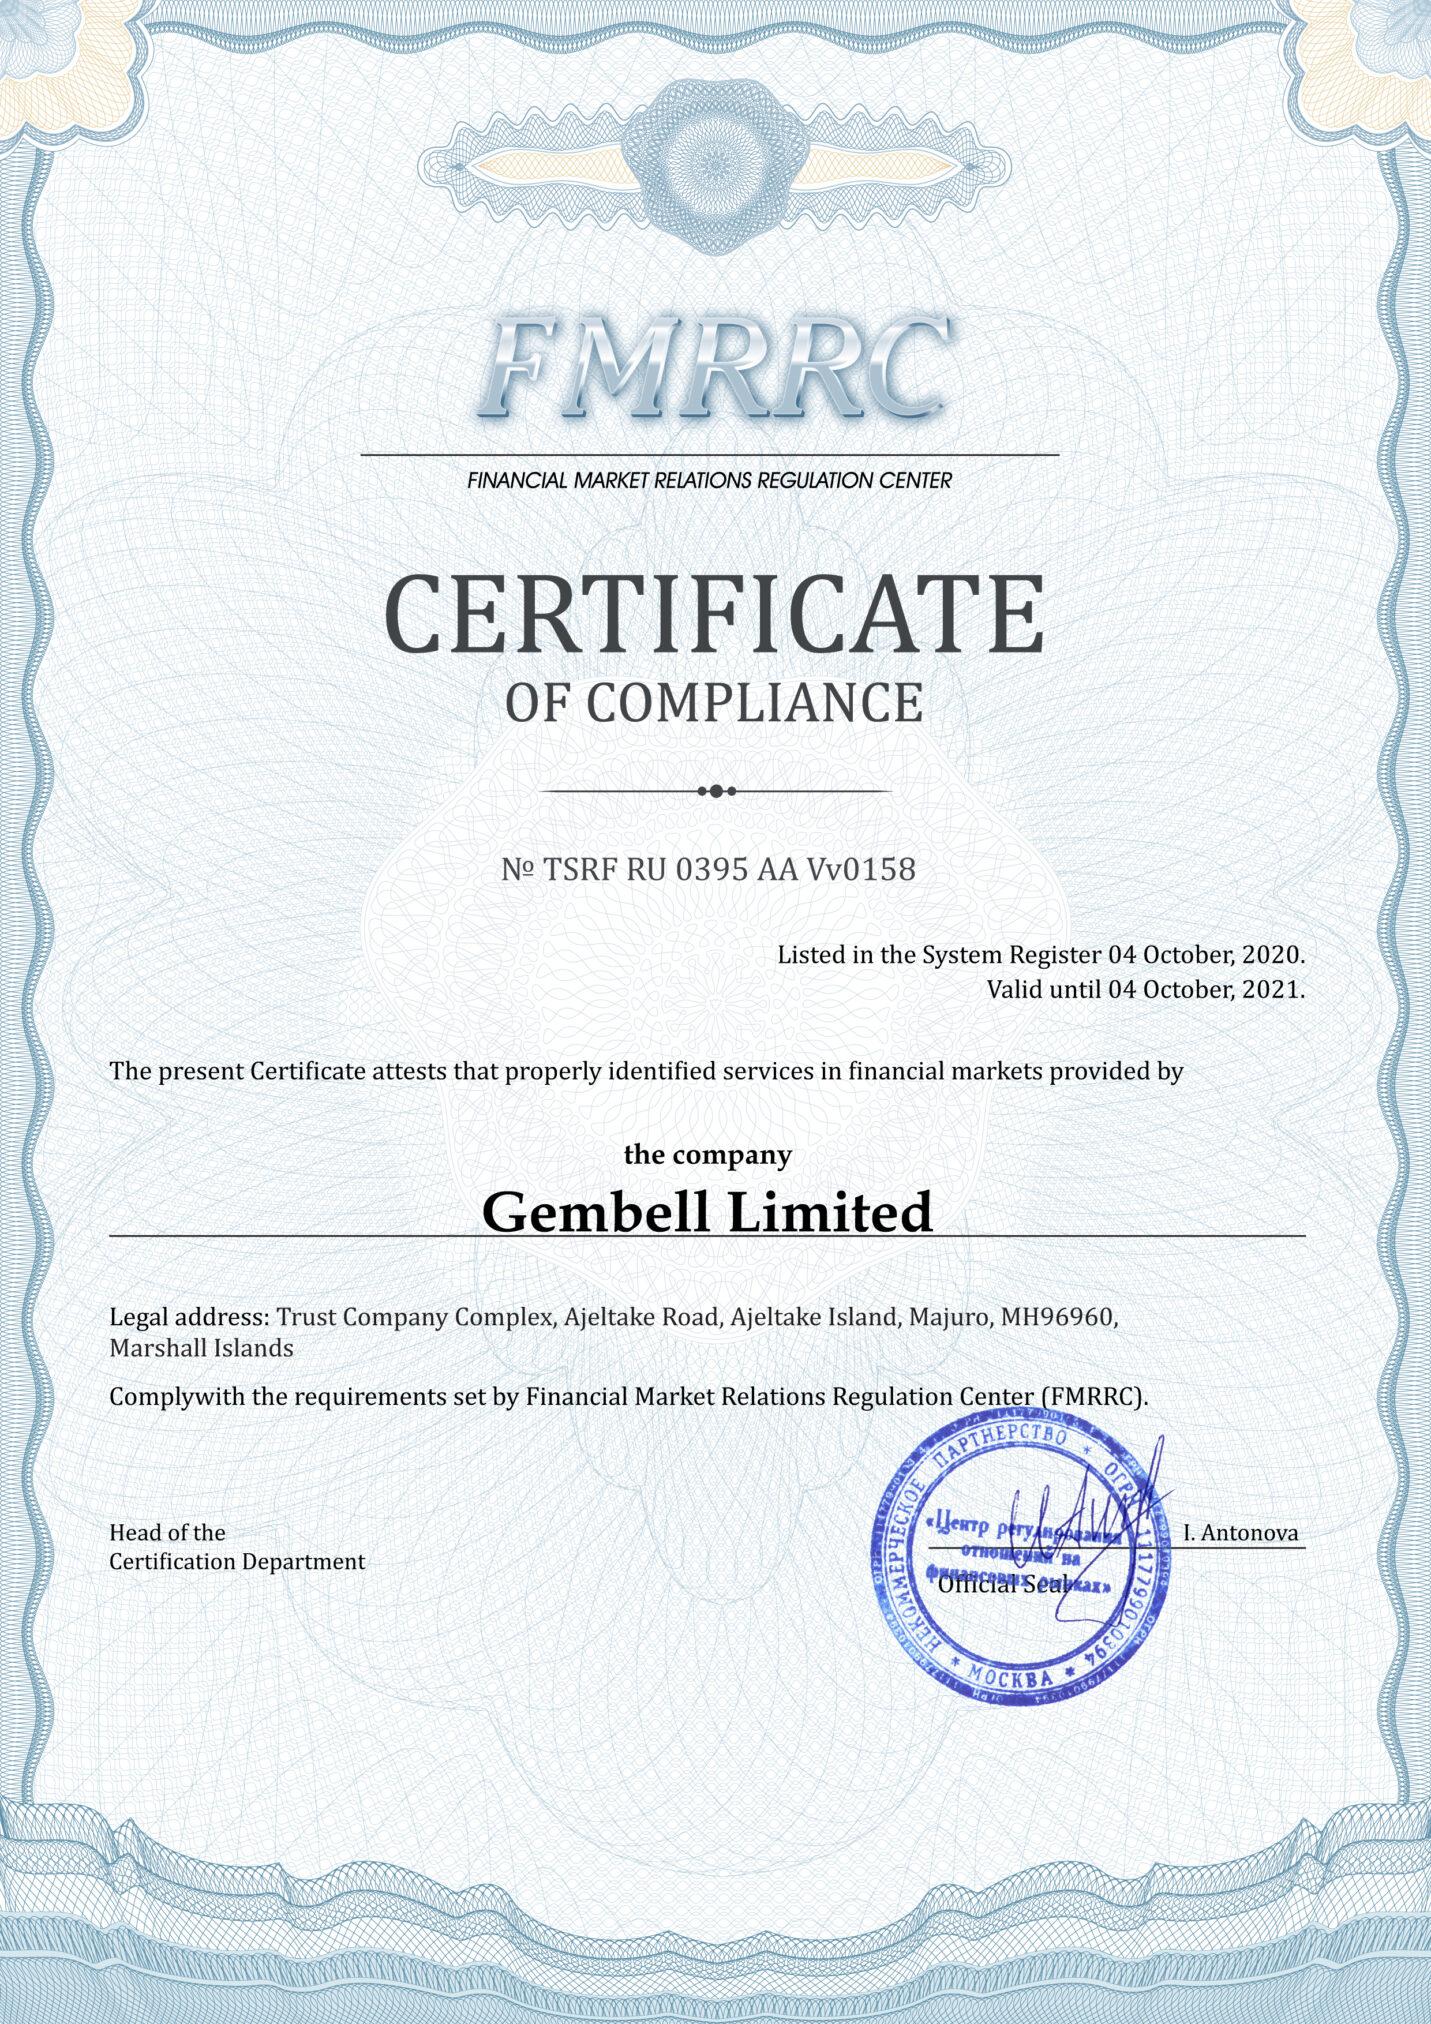 Лицензия от частной компании FMRRC
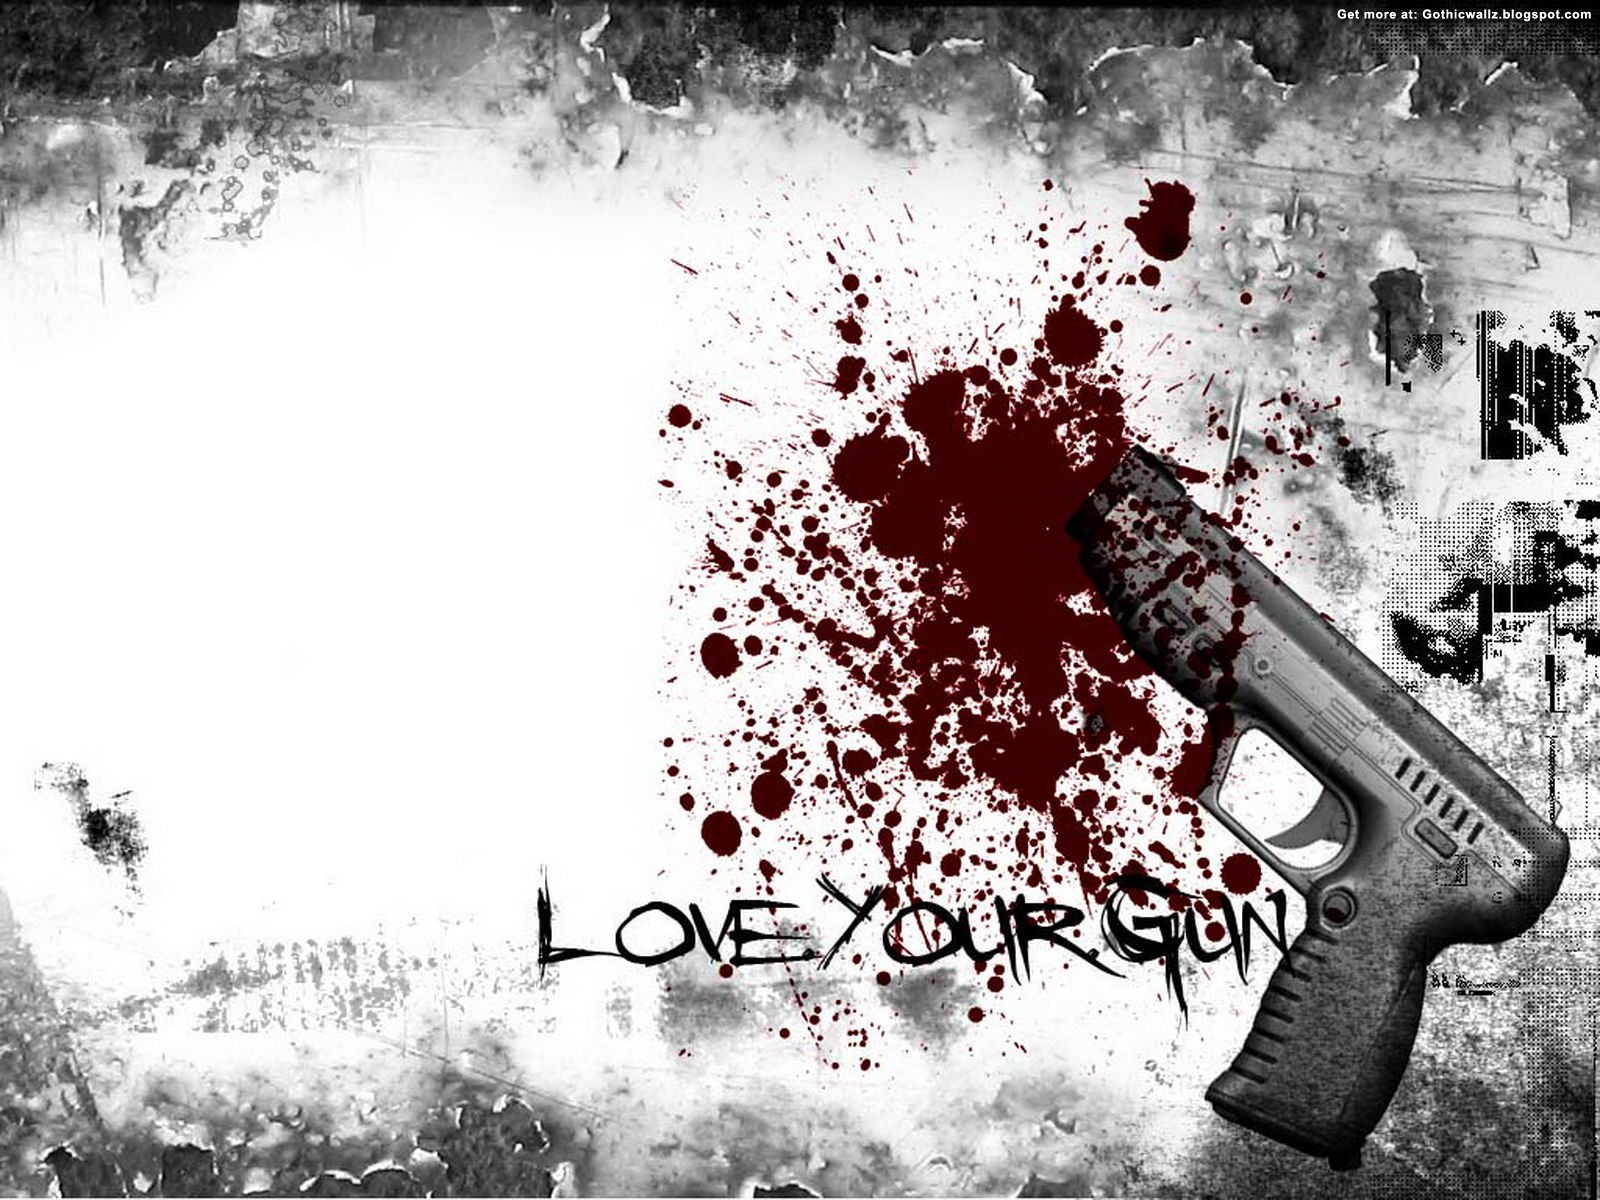 Gangster love wallpaper wallpapersafari - M r love wallpaper ...
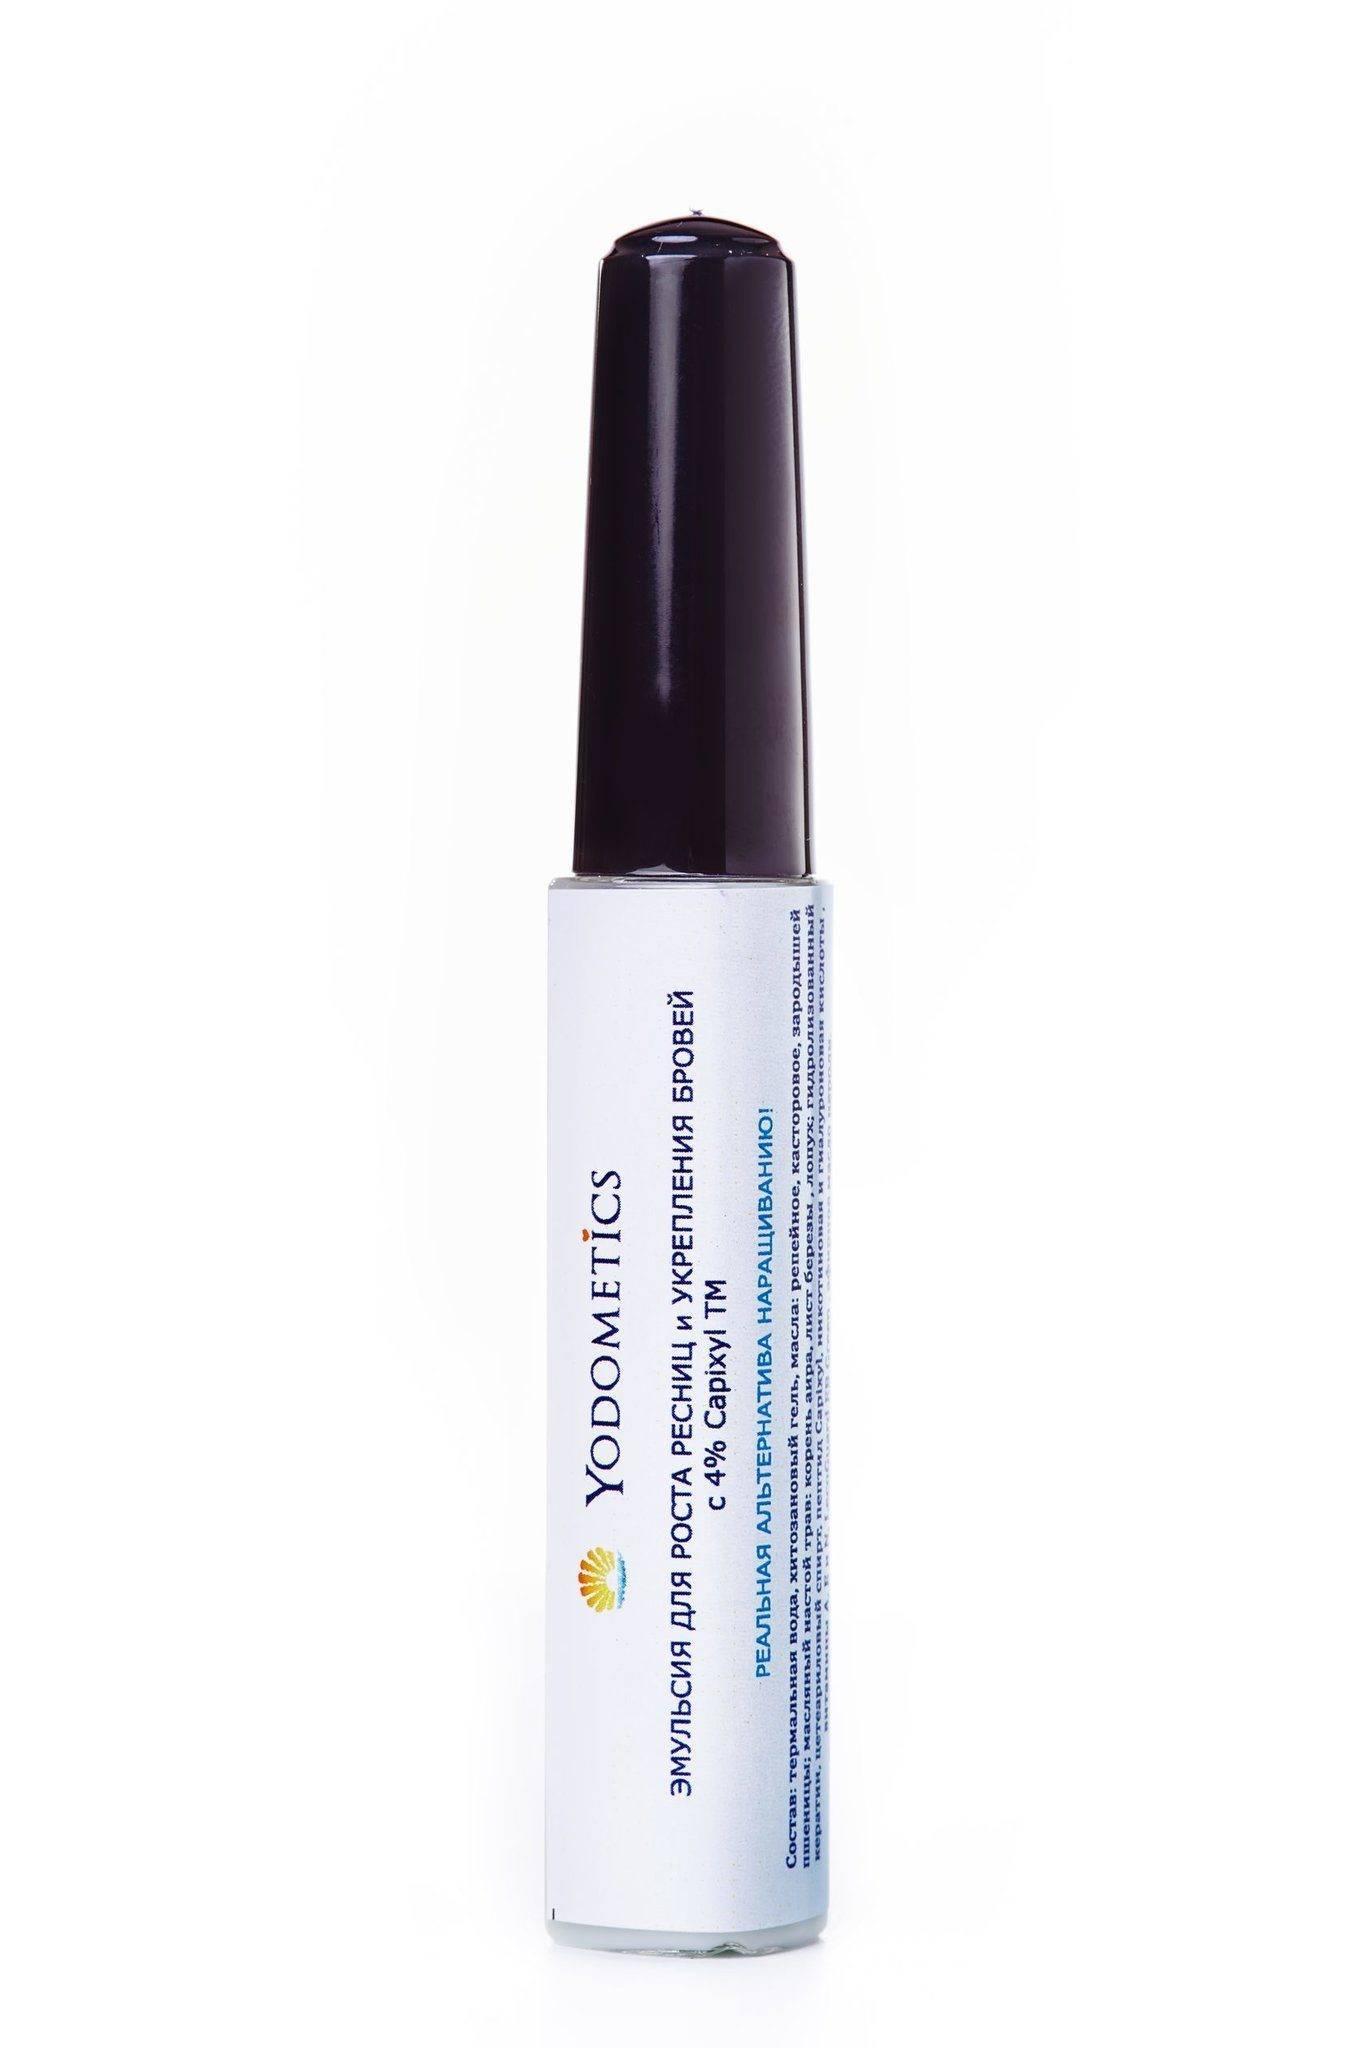 Касторовое масло для роста ресниц и бровей: применение и отзывы

====

Print exactly the line containing "Gangster love wallpaper" and every line after it through the final line above, and leave all pictures out.

Answer to this exercise ▸
 Gangster love wallpaper wallpapersafari - M r love wallpaper ...
 Касторовое масло для роста ресниц и бровей: применение и отзывы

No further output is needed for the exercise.